Assignment —
The whole listing needs retyping exactly; keep the pictures out of it.

Recorded data —

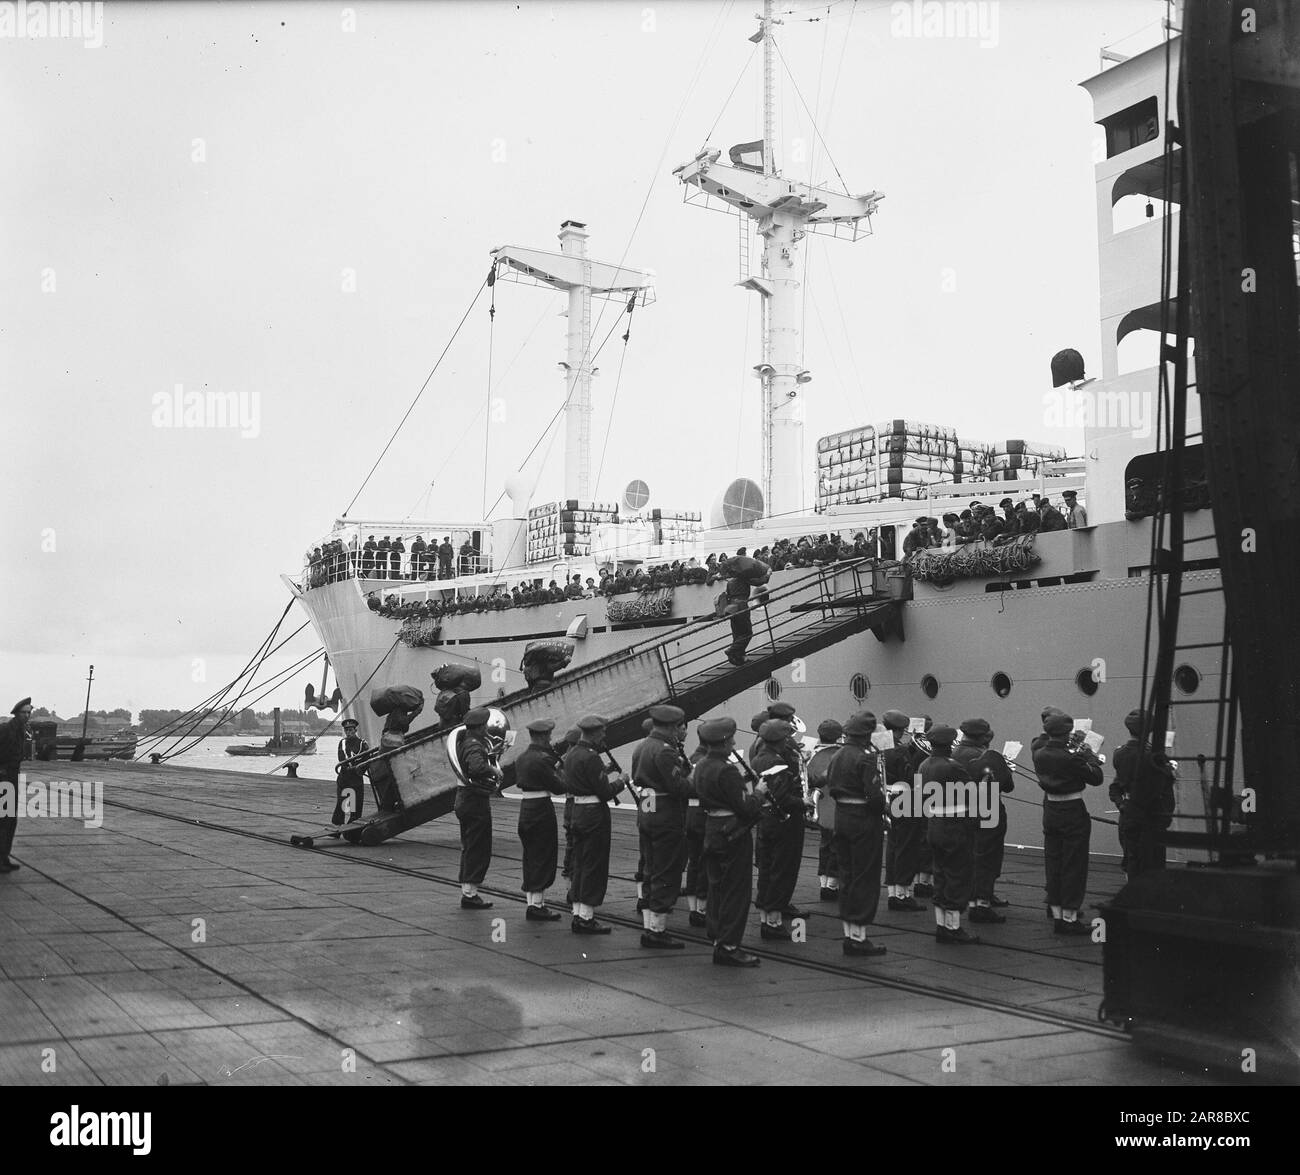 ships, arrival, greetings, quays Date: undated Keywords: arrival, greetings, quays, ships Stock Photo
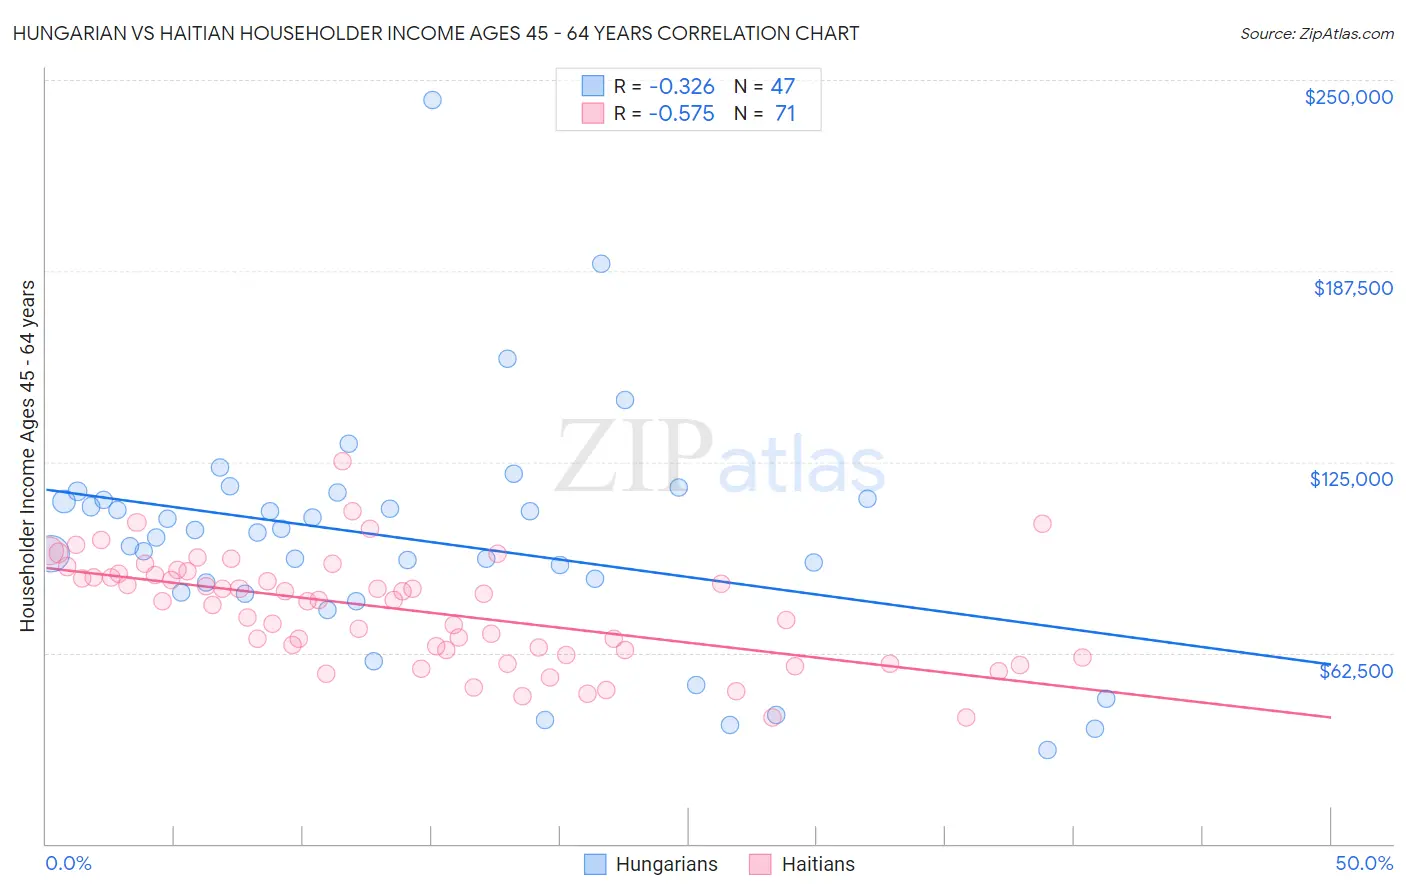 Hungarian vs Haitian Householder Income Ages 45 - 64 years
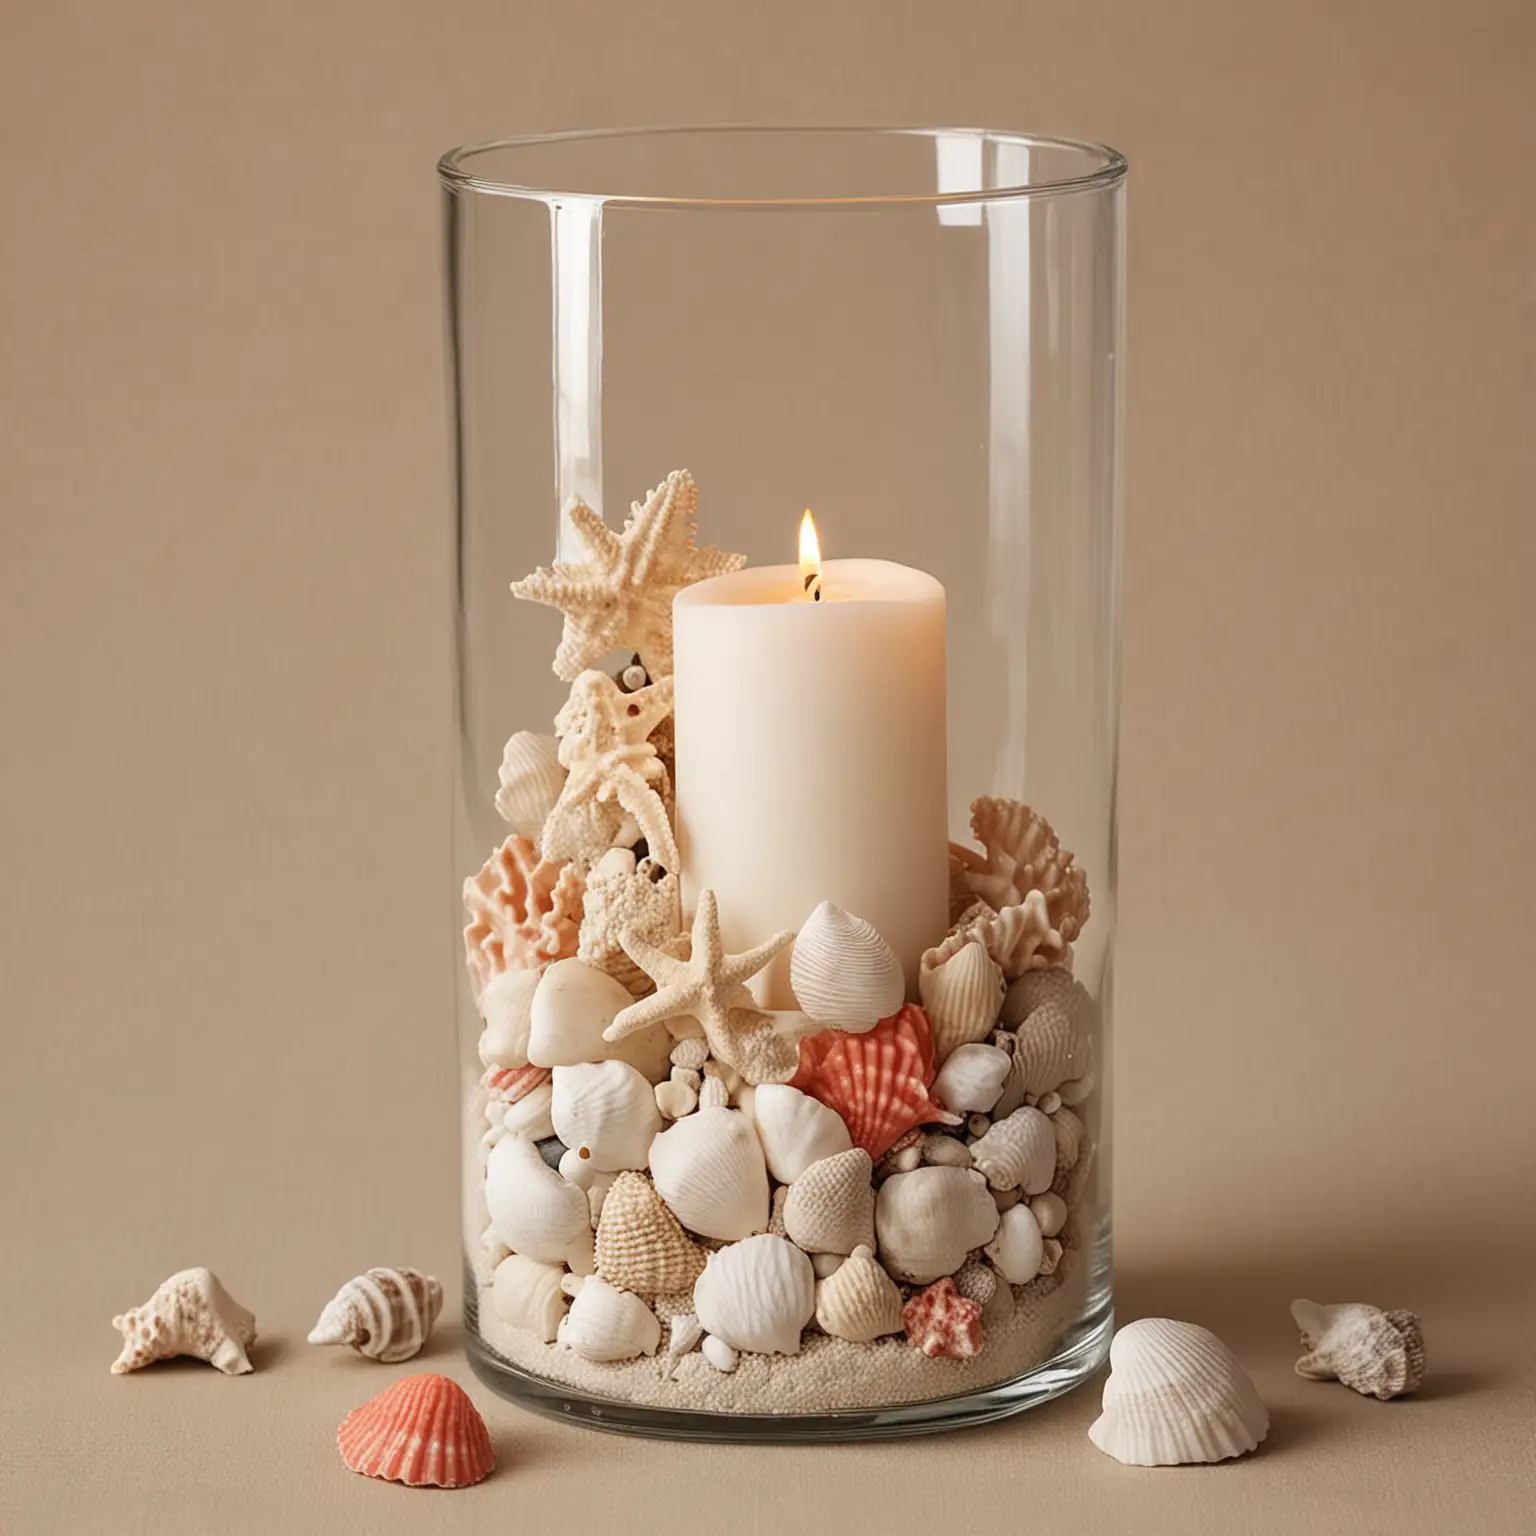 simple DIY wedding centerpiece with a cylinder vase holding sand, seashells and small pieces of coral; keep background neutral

Answer to this exercise —
 ships, arrival, greetings, quays Date: undated Keywords: arrival, greetings, quays, ships Stock Photo
 Hungarian vs Haitian Householder Income Ages 45 - 64 years
 simple DIY wedding centerpiece with a cylinder vase holding sand, seashells and small pieces of coral; keep background neutral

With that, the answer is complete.